Data segment section start

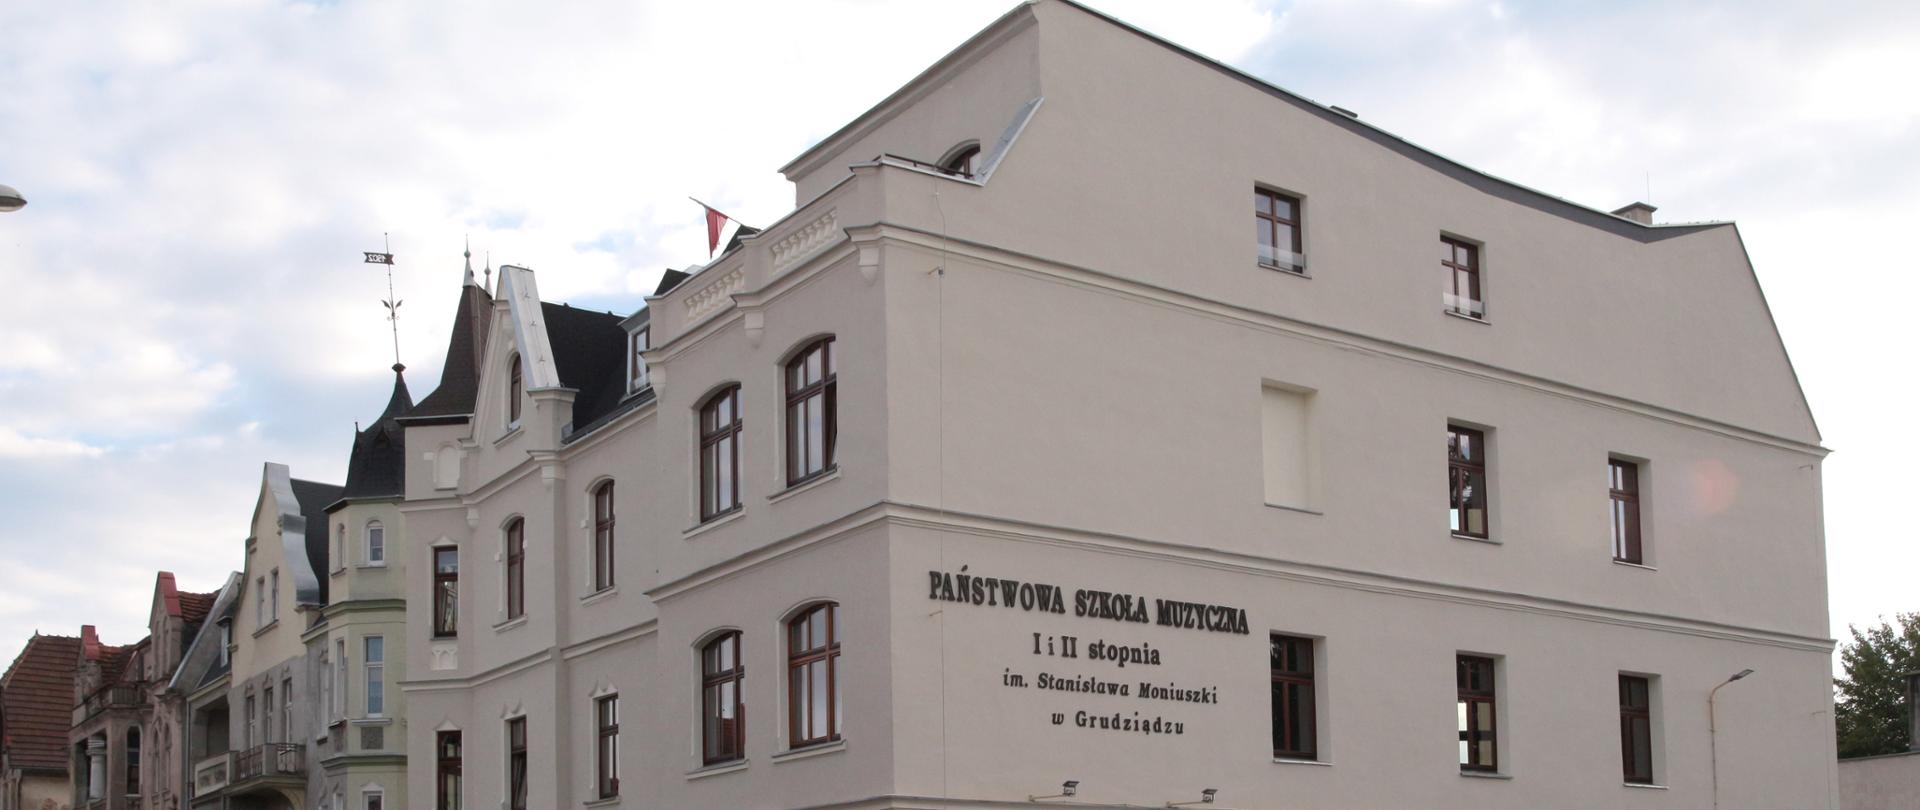 Zdjęcie przedstawia trzykondygnacyjną kamienicę w kolorze beżowym z napisem na ścianie Państwowa Szkoła Muzyczna I i II stopnia im. Stanisława Moniuszki w Grudziądzu
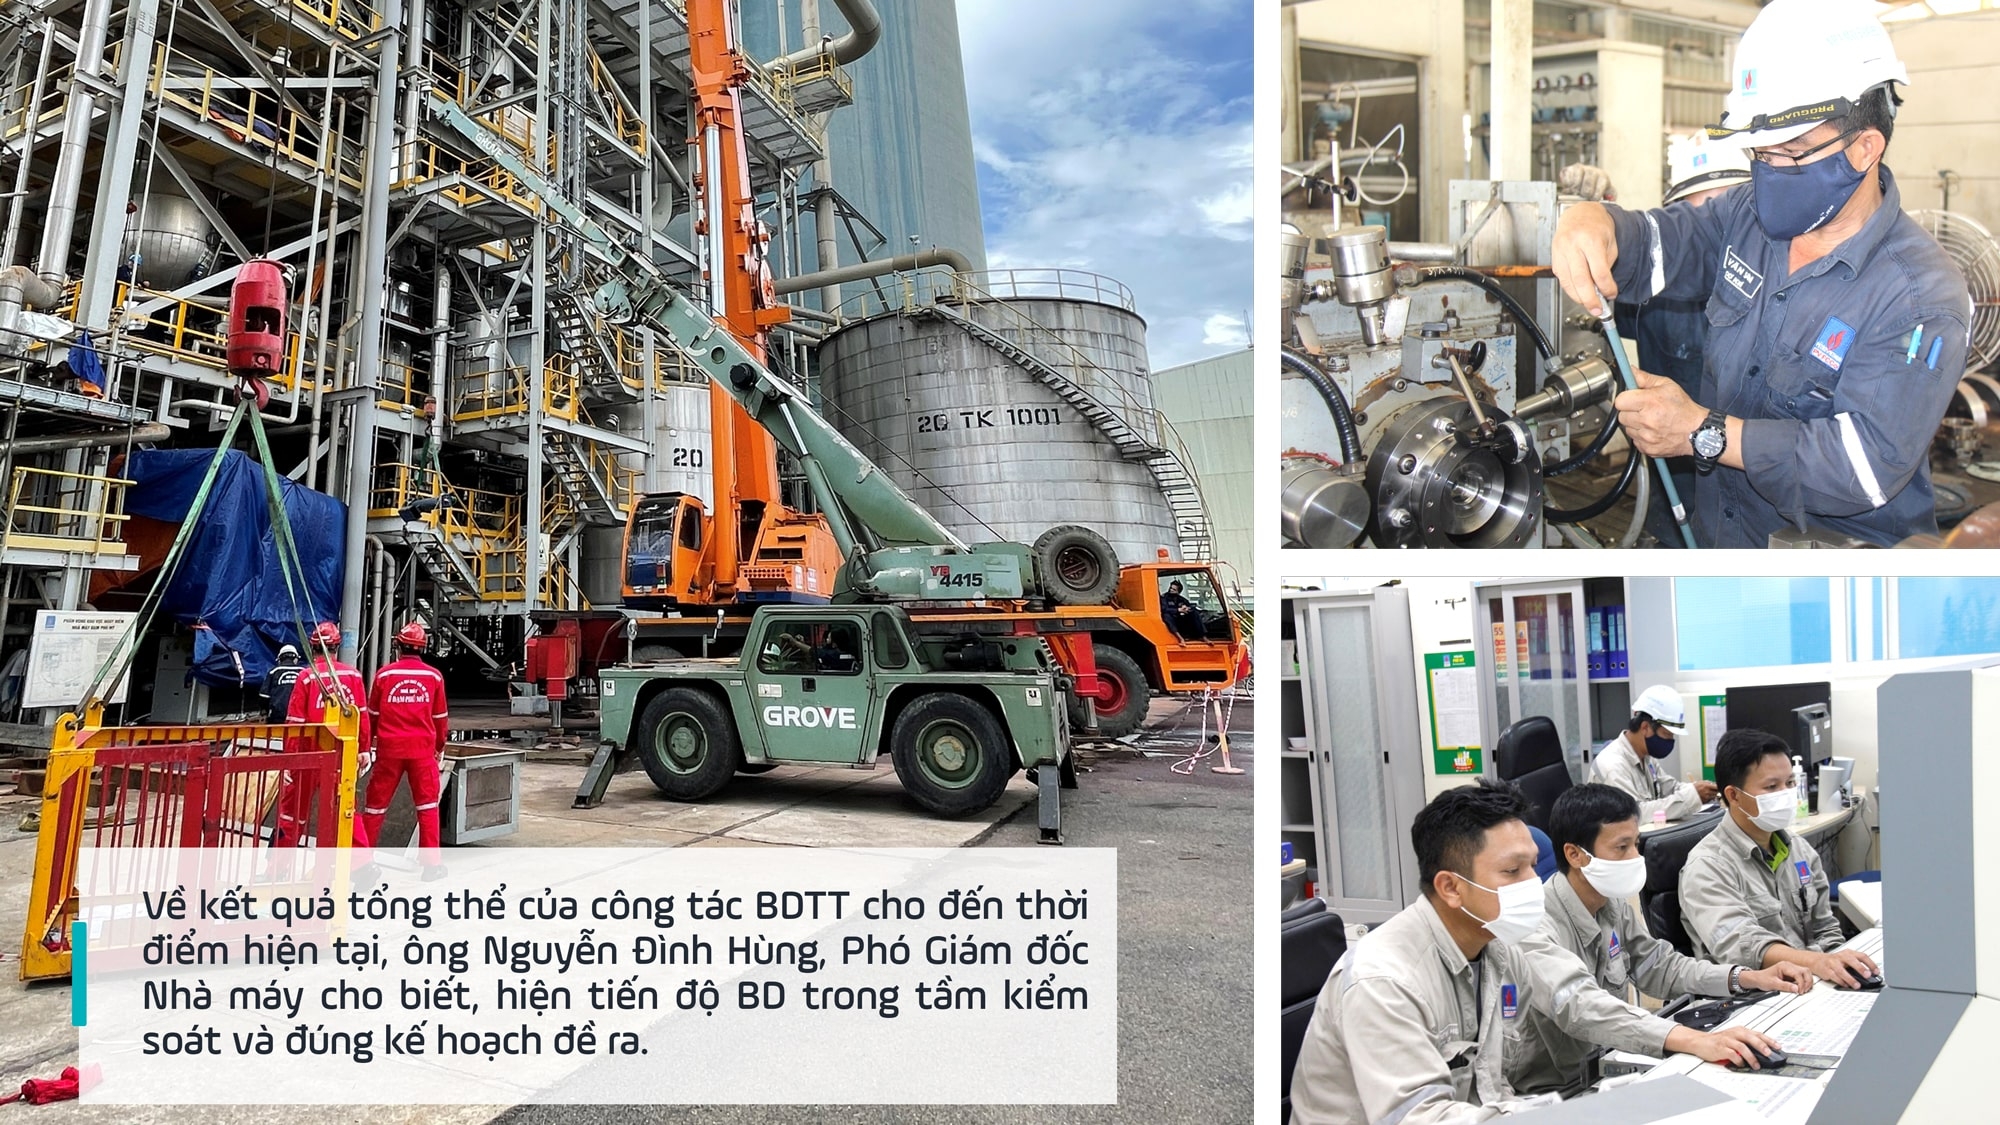 [E-Magazine] BDTT Nhà máy Đạm Phú Mỹ: An toàn, hiệu quả như kỳ vọng!
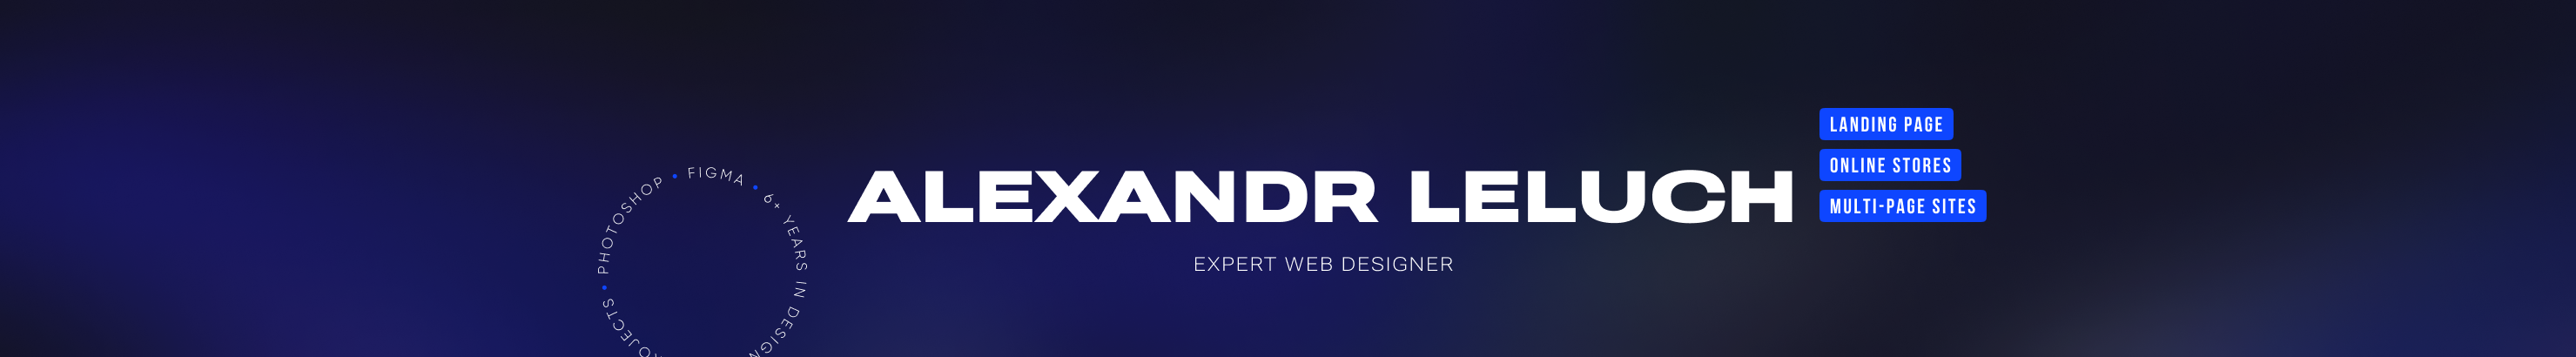 Banner de perfil de Alexandr Leluch
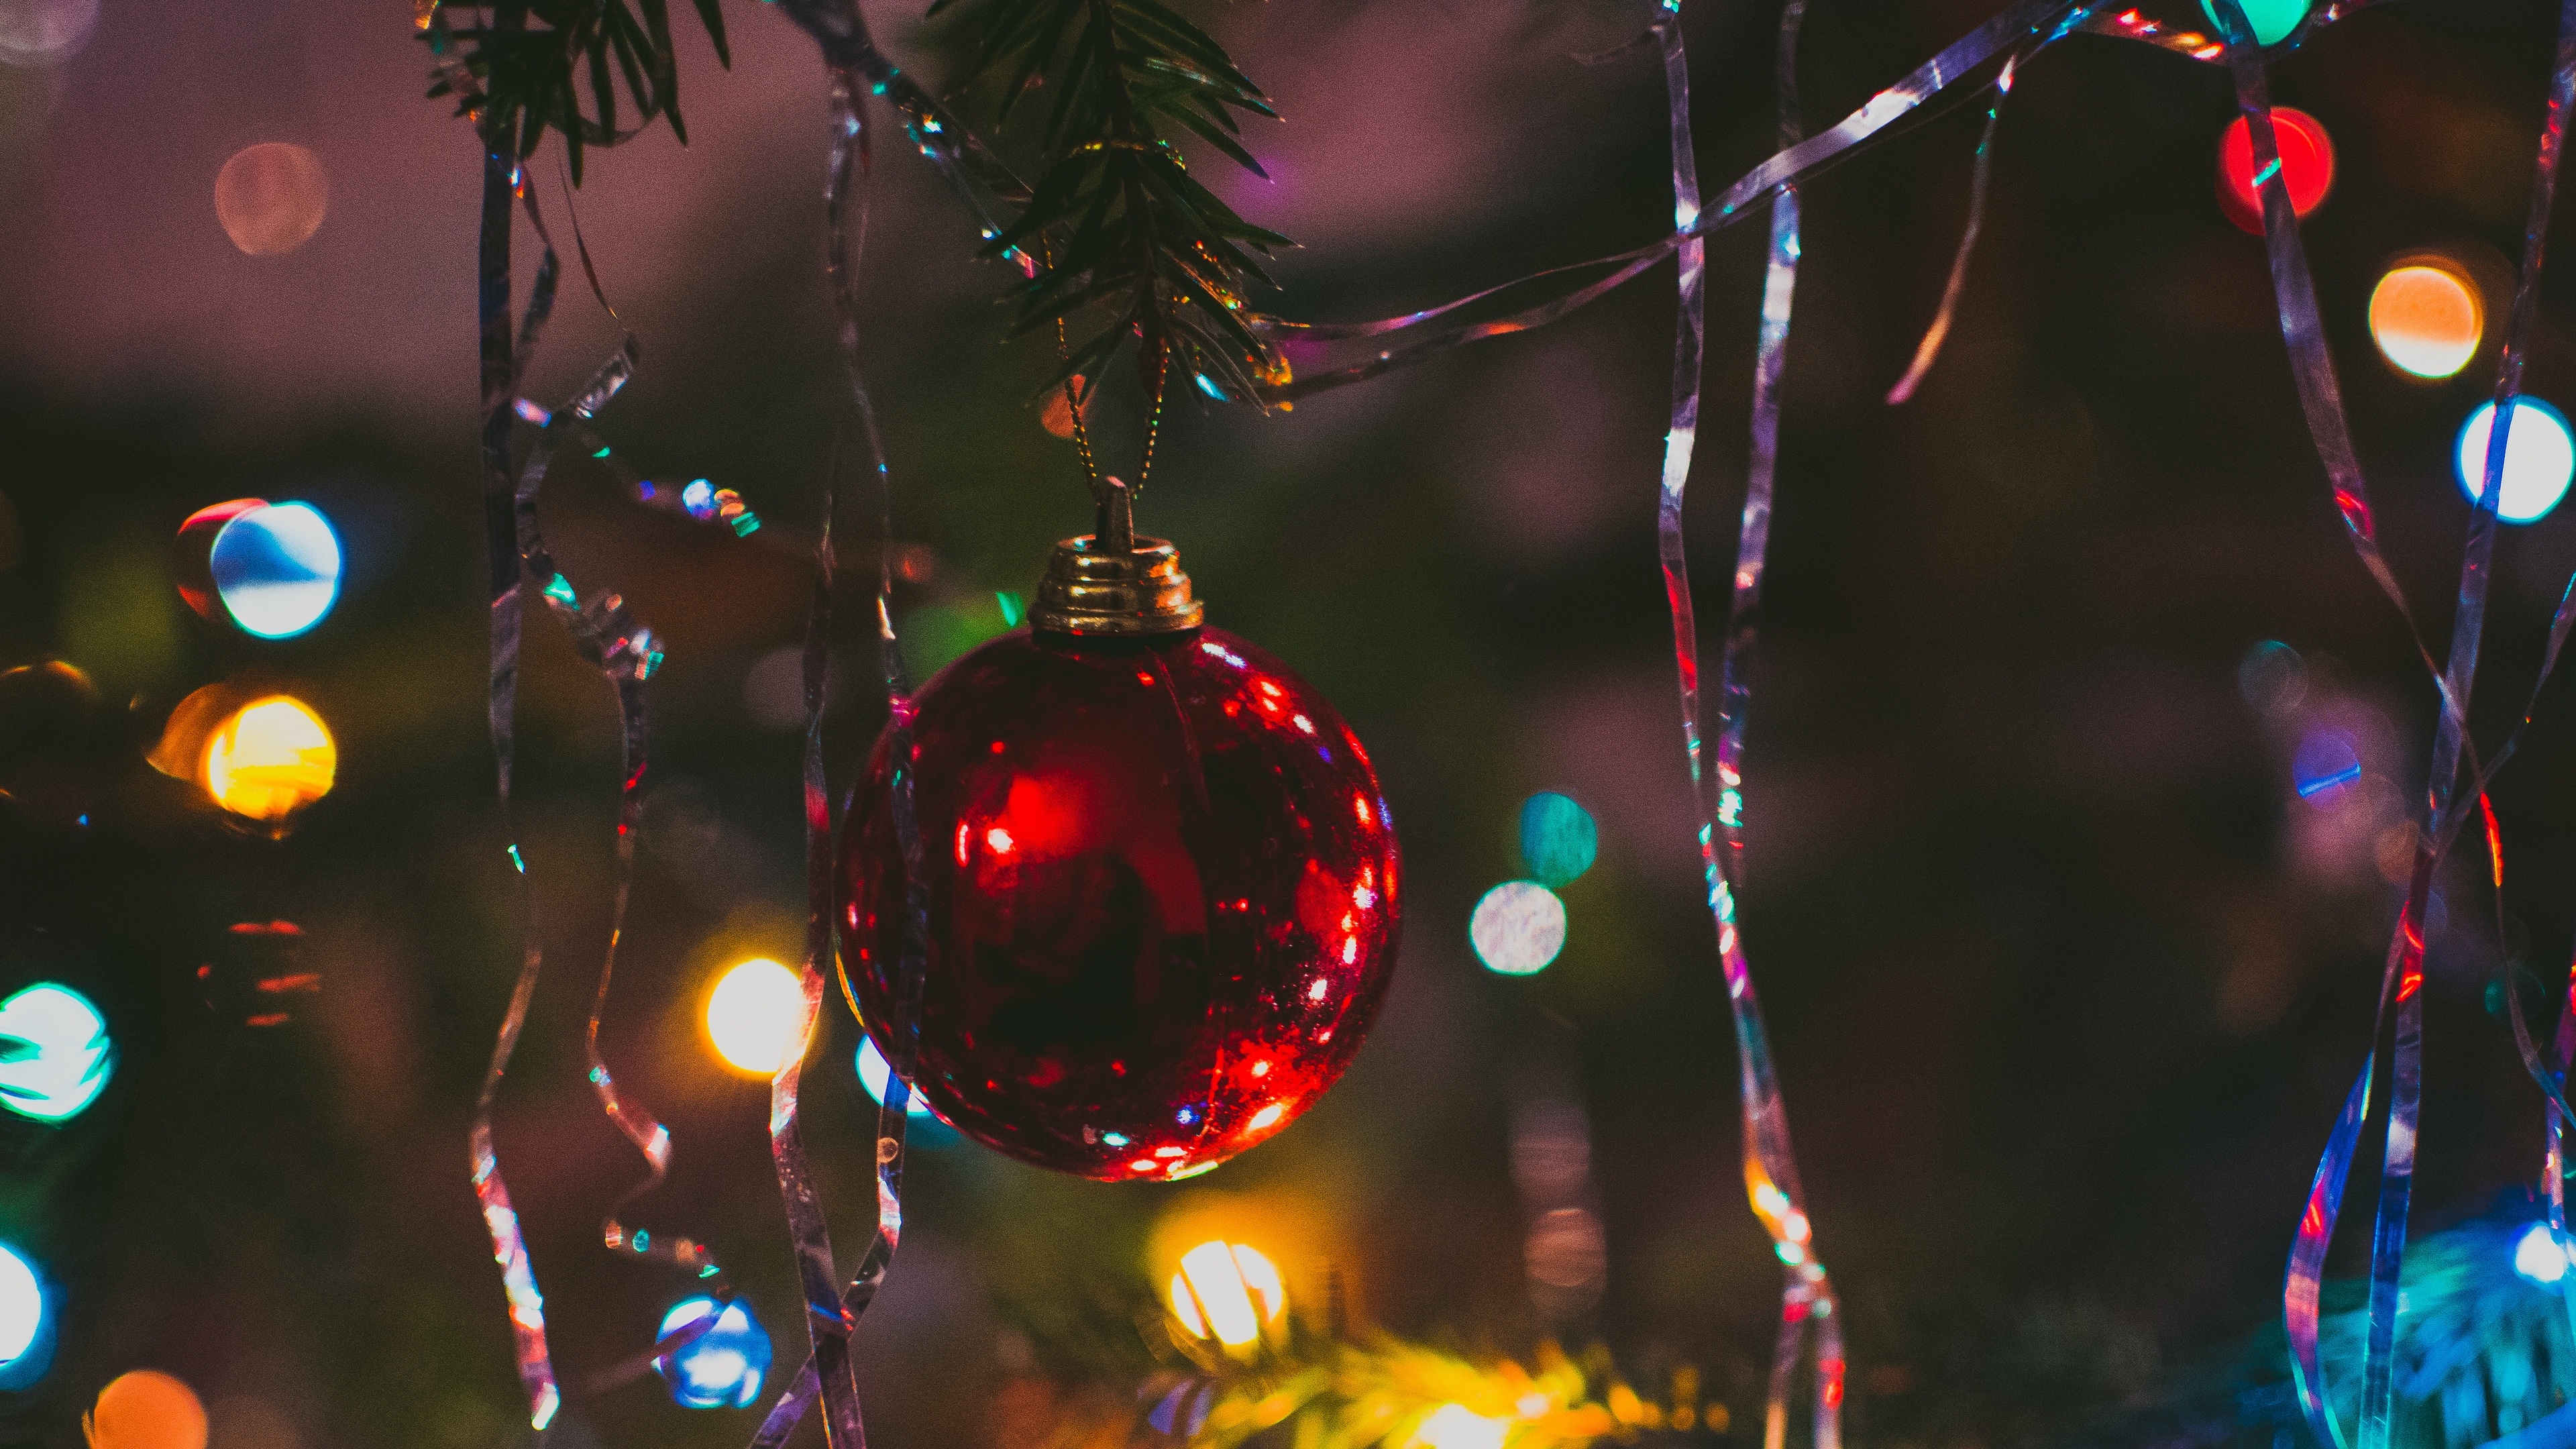 Hãy ngắm nhìn bức ảnh nền 4k với hình ảnh cây thông Noel đầy màu sắc, tạo cảm giác vô cùng ấm áp và chan hòa cho không gian phòng của bạn.

Data segment section end

Task brief:
"Banner de perfil de Alexandr Leluch" marks the first line to be returned; return exactly that line and every line after it through the last line of the listing, omitting pictures.

Written answer:
 Banner de perfil de Alexandr Leluch
 Hãy ngắm nhìn bức ảnh nền 4k với hình ảnh cây thông Noel đầy màu sắc, tạo cảm giác vô cùng ấm áp và chan hòa cho không gian phòng của bạn.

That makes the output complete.